First, pre-computed binding affinity values are combined with experimental 
information in a data frame structure.

```{r eval=TRUE}
fn4 <- system.file("extdata", "PBMsample_short.s", package = "DNAshapeR")
experimentalData <- read.table(fn4)
df <- data.frame(affinity=experimentalData$V1, featureVector)
```

Then, a machine learning package (which can be any learning tools) is used 
to train a multiple linear regression (MLR) model based on 3-fold 
cross-validation. In this example, we used the caret package 
(see <http://caret.r-forge.r-project.org/> for more information).

```{r eval=TRUE}
library(caret)

trainControl <- trainControl(method = "cv", number = 3, 
                savePredictions = TRUE)
model <- train (affinity~ ., data = df, 
                trControl=trainControl, method="lm", preProcess=NULL)
model
```


## Session Info
```{r eval=TRUE}
sessionInfo()
```

## References


Chiu, T.P., et al. GBshape: a genome browser database for DNA shape 
annotations. Nucleic Acids Res 2015.

Comoglio, F., et al. High-resolution profiling of Drosophila replication 
start sites reveals a DNA shape and chromatin signature of metazoan origins. 
Cell reports 2015;11(5):821-834.

Yang, L., et al.

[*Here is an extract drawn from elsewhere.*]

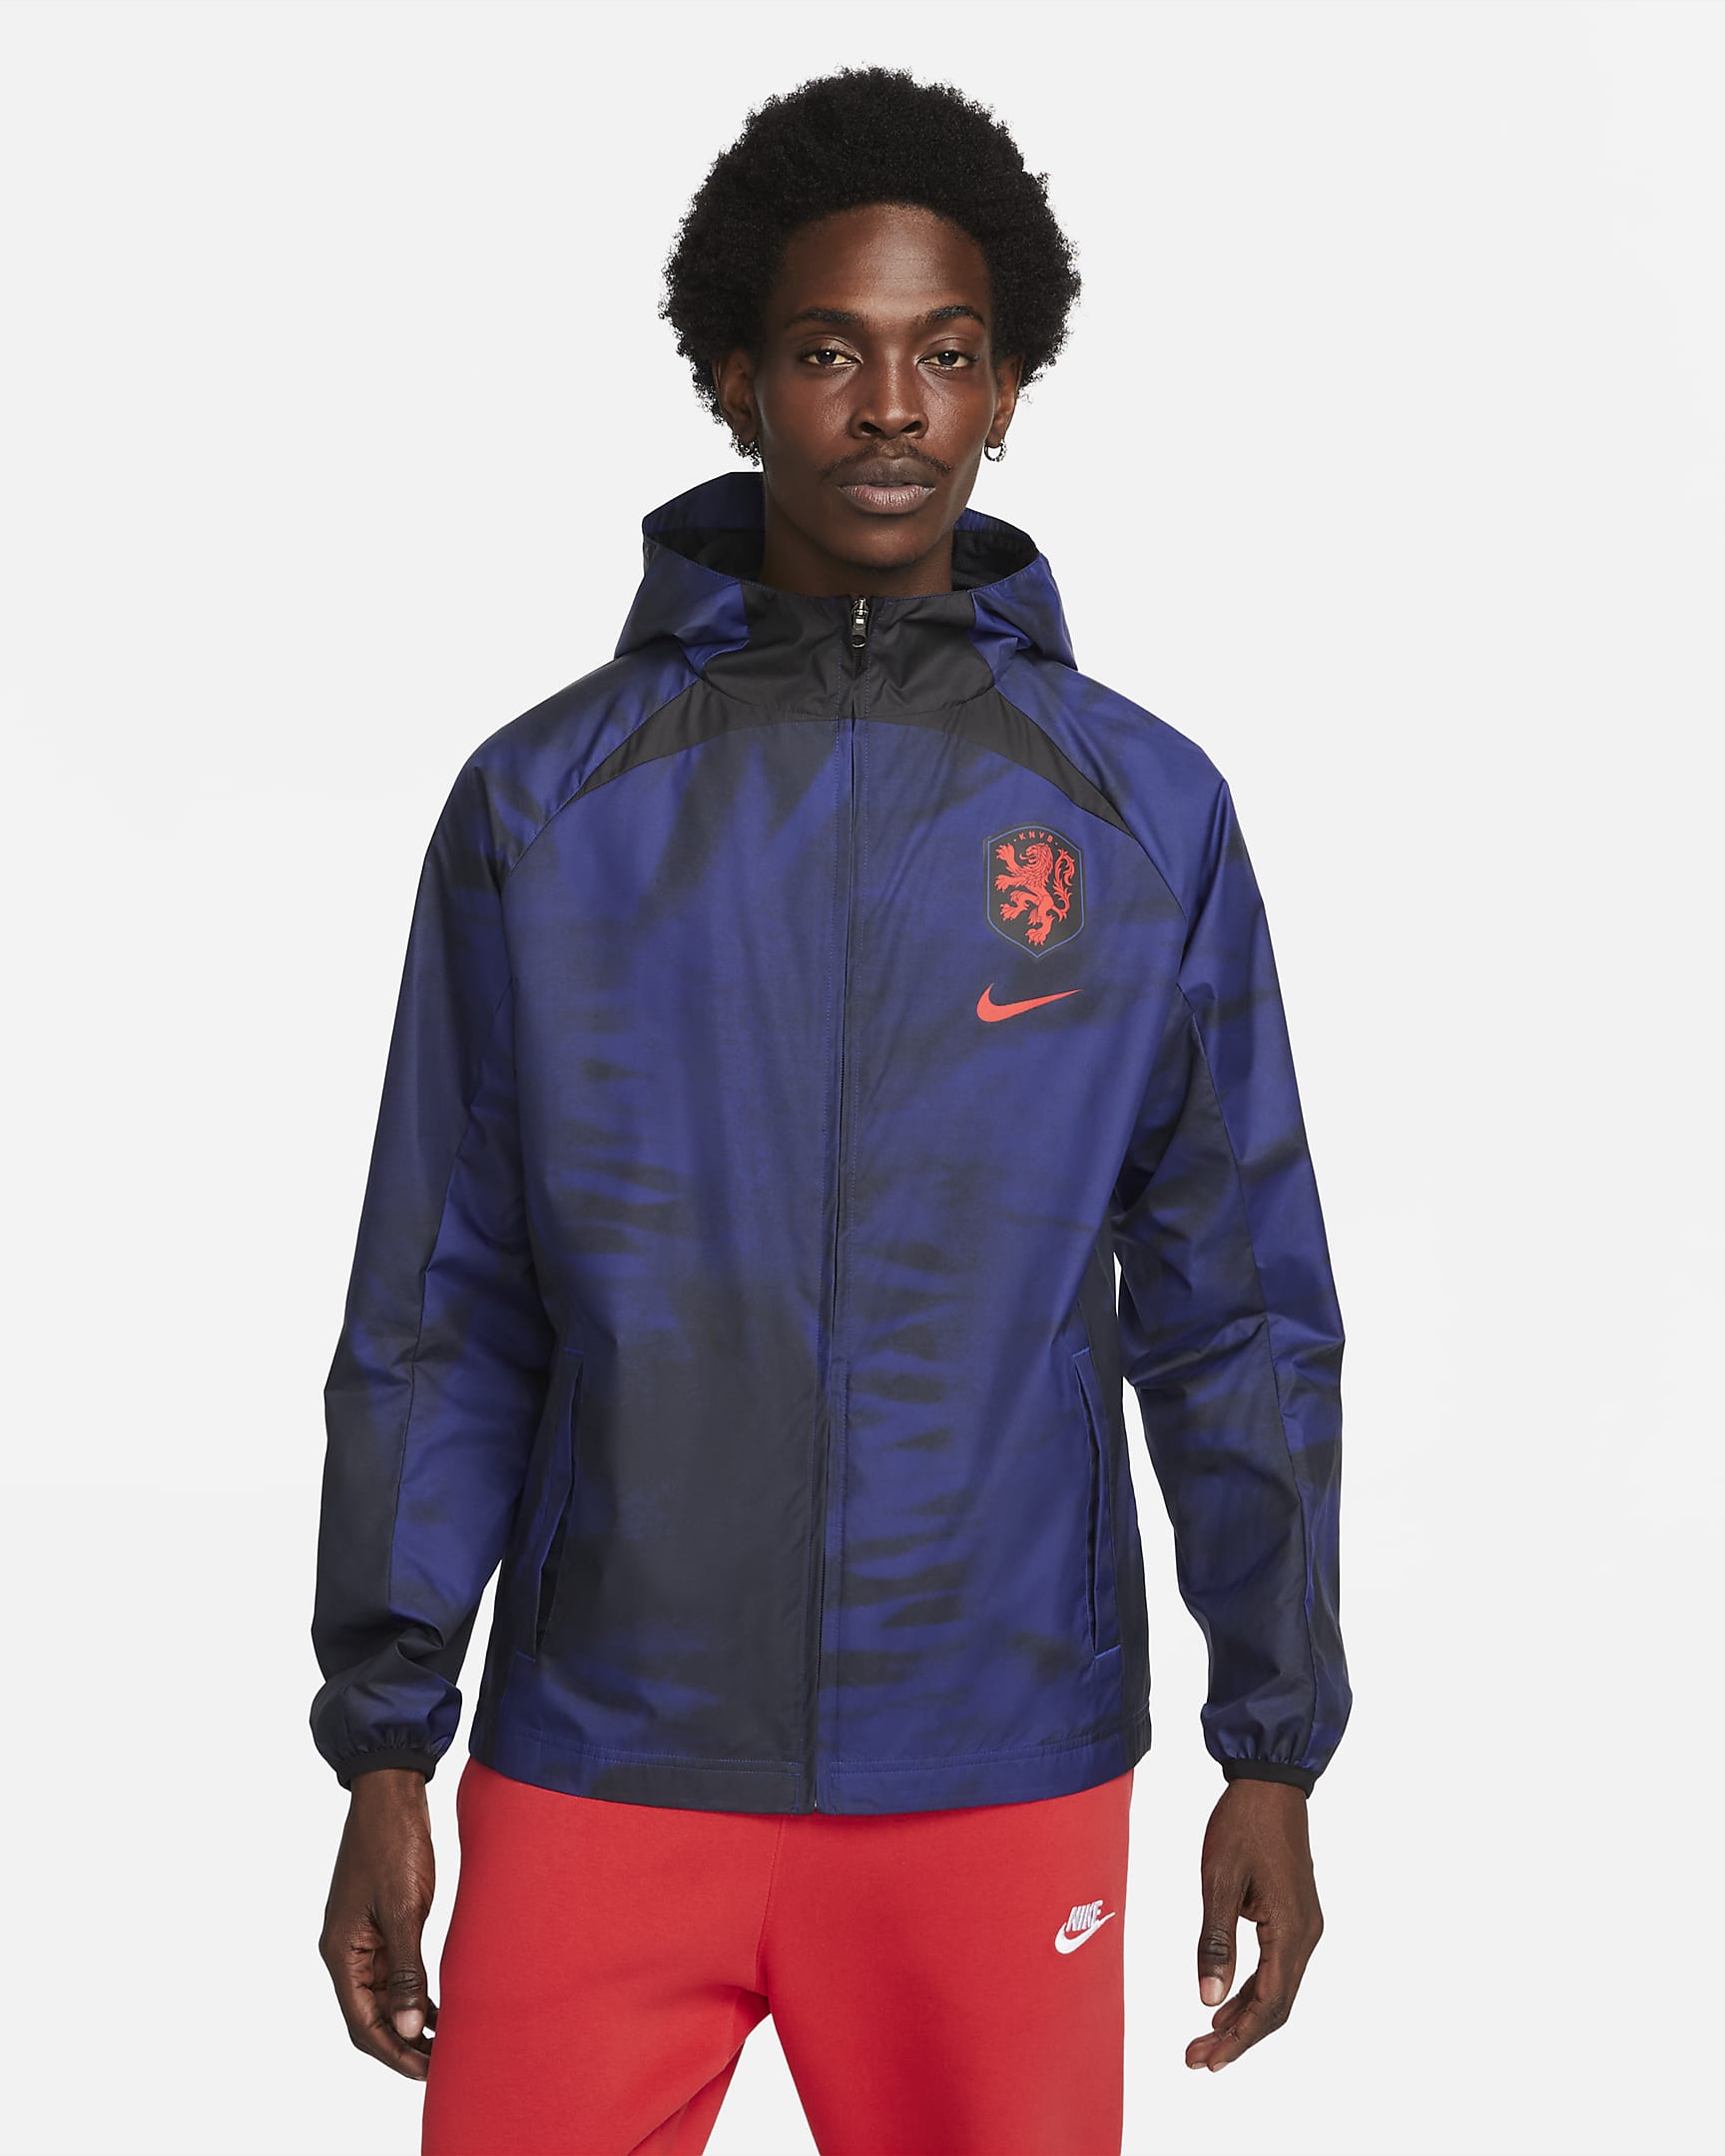 Netherlands AWF Men's Full-Zip Soccer Jacket. Nike.com

TFBSshape: a motif database for DNA shape features of 
transcription factor binding sites. Nucleic Acids Res 2014;42
(Database issue):D148-155.

Zhou, T., et al. DNAshape: a method for the high-throughput prediction of
DNA structural features on a genomic scale. Nucleic Acids Res 2013;41
(Web Server issue):W56-62.

If you use DNAshapeR for your work, please cite the following publication:

Chiu, T-P., et al. DNAshapeR: an R/Bioconductor package for DNA shape 
prediction and feature encoding (2016).